*To do*
What the answer must hold is the line containing "Stovetop Orzo Pasta" and all lines after it through the end of the listing, copied exactly, with pictures left out.

*Data section*
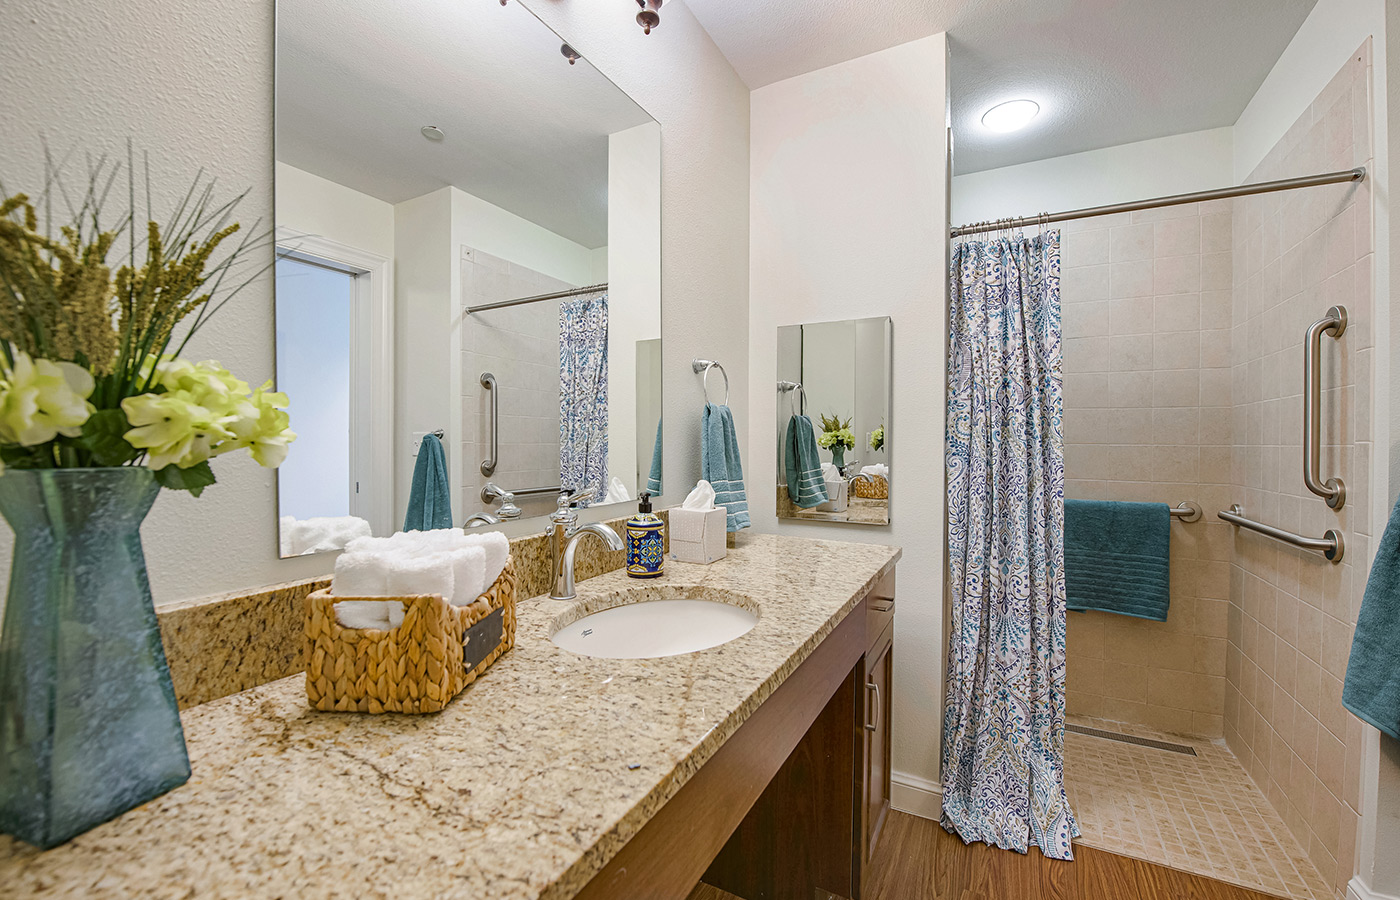 A bathroom in an apartment at The Watermark at Trinity.
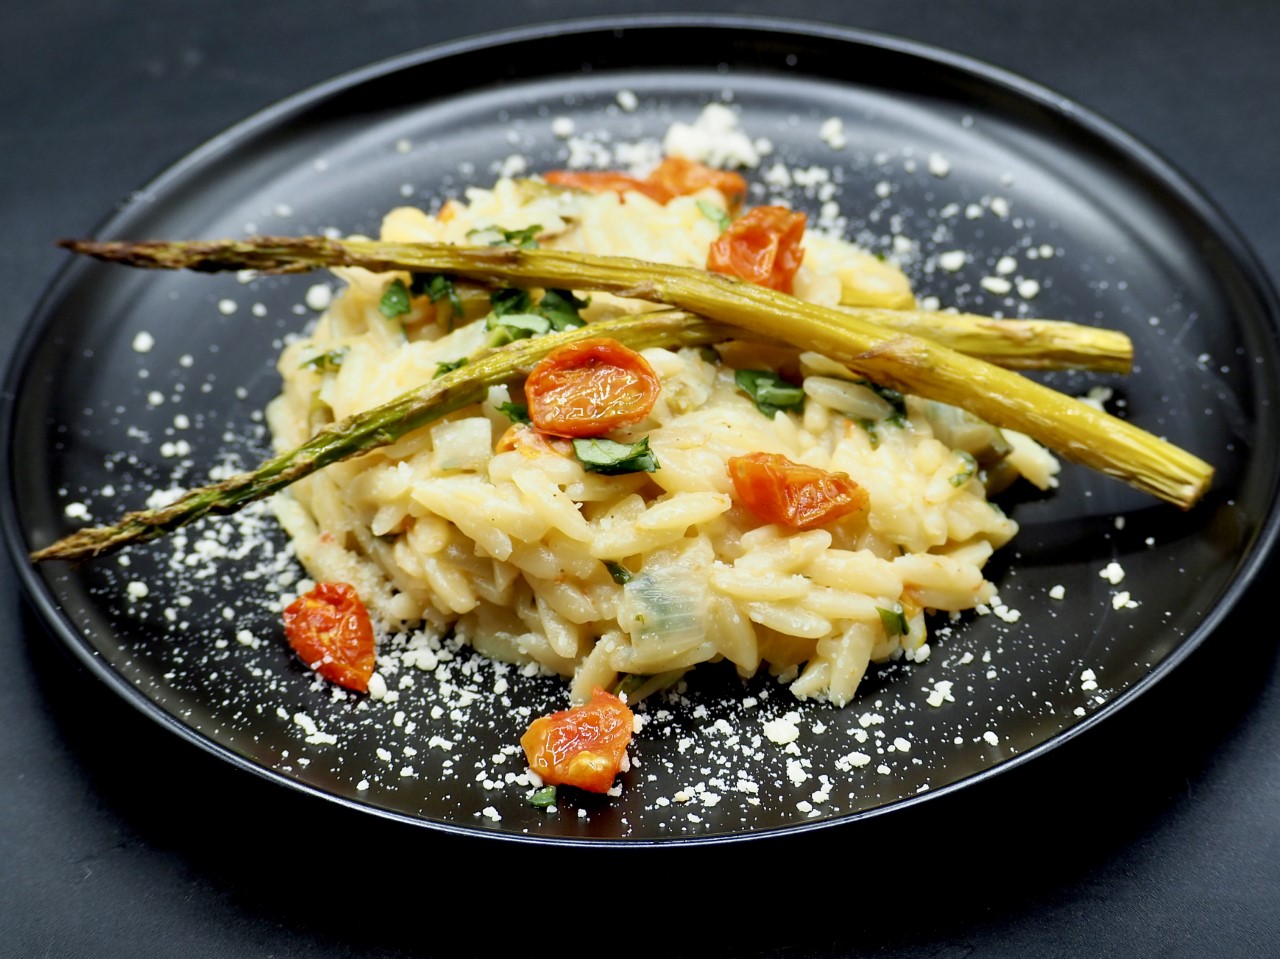 Stovetop Orzo Pasta with Roasted Green Asparagus and Cherry Tomatoes
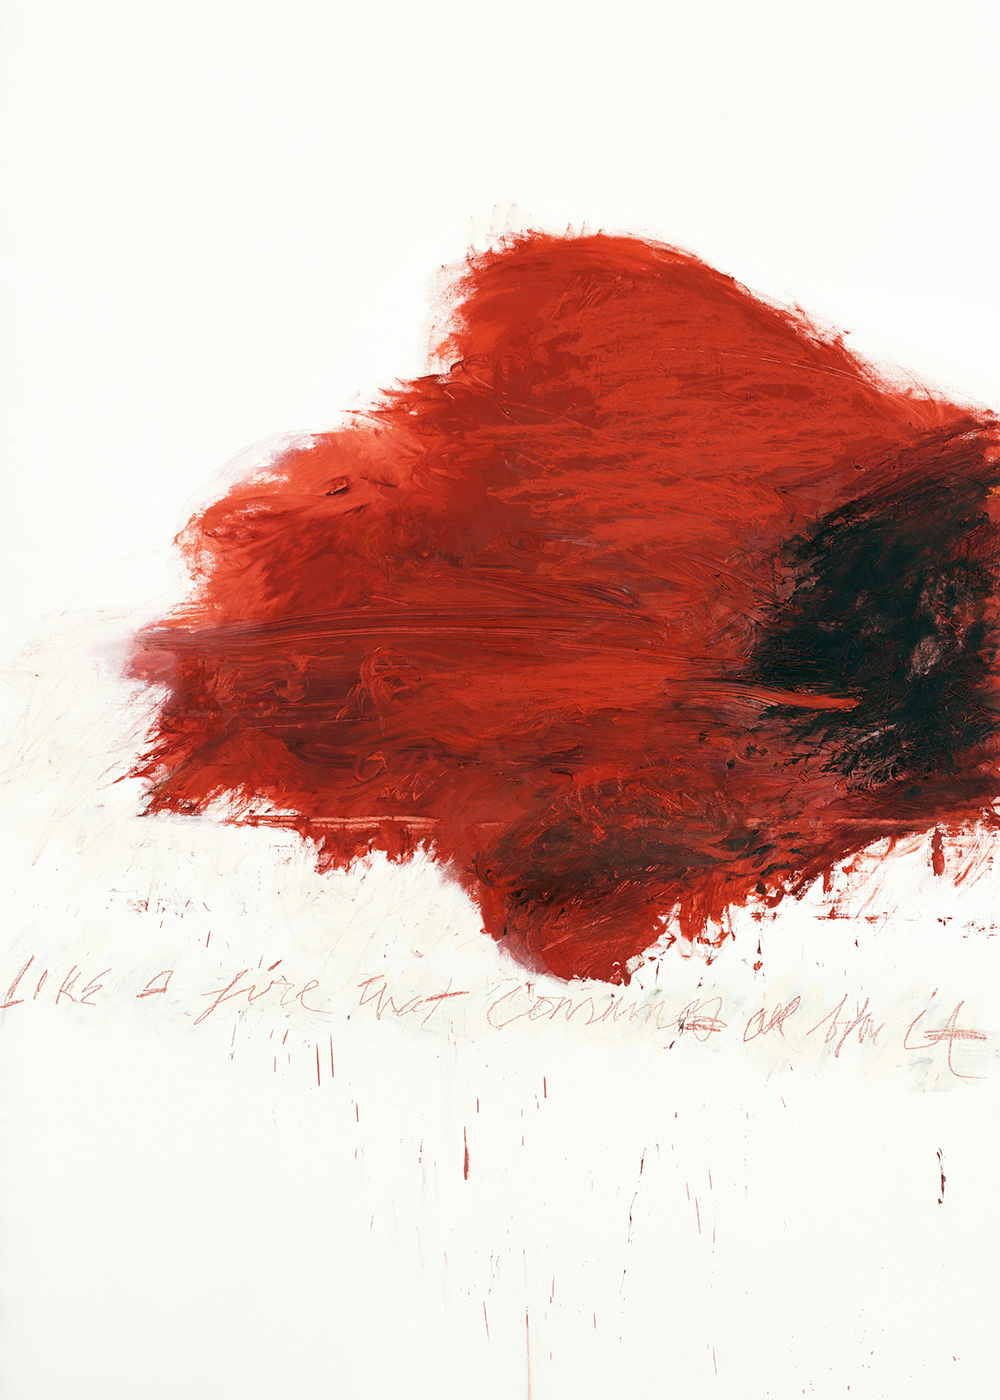 Cy Twombly, Fifty Days at Iliam: The Fire that Consumes All before It, 1978

*Written solution*
 Stovetop Orzo Pasta with Roasted Green Asparagus and Cherry Tomatoes
 Cy Twombly, Fifty Days at Iliam: The Fire that Consumes All before It, 1978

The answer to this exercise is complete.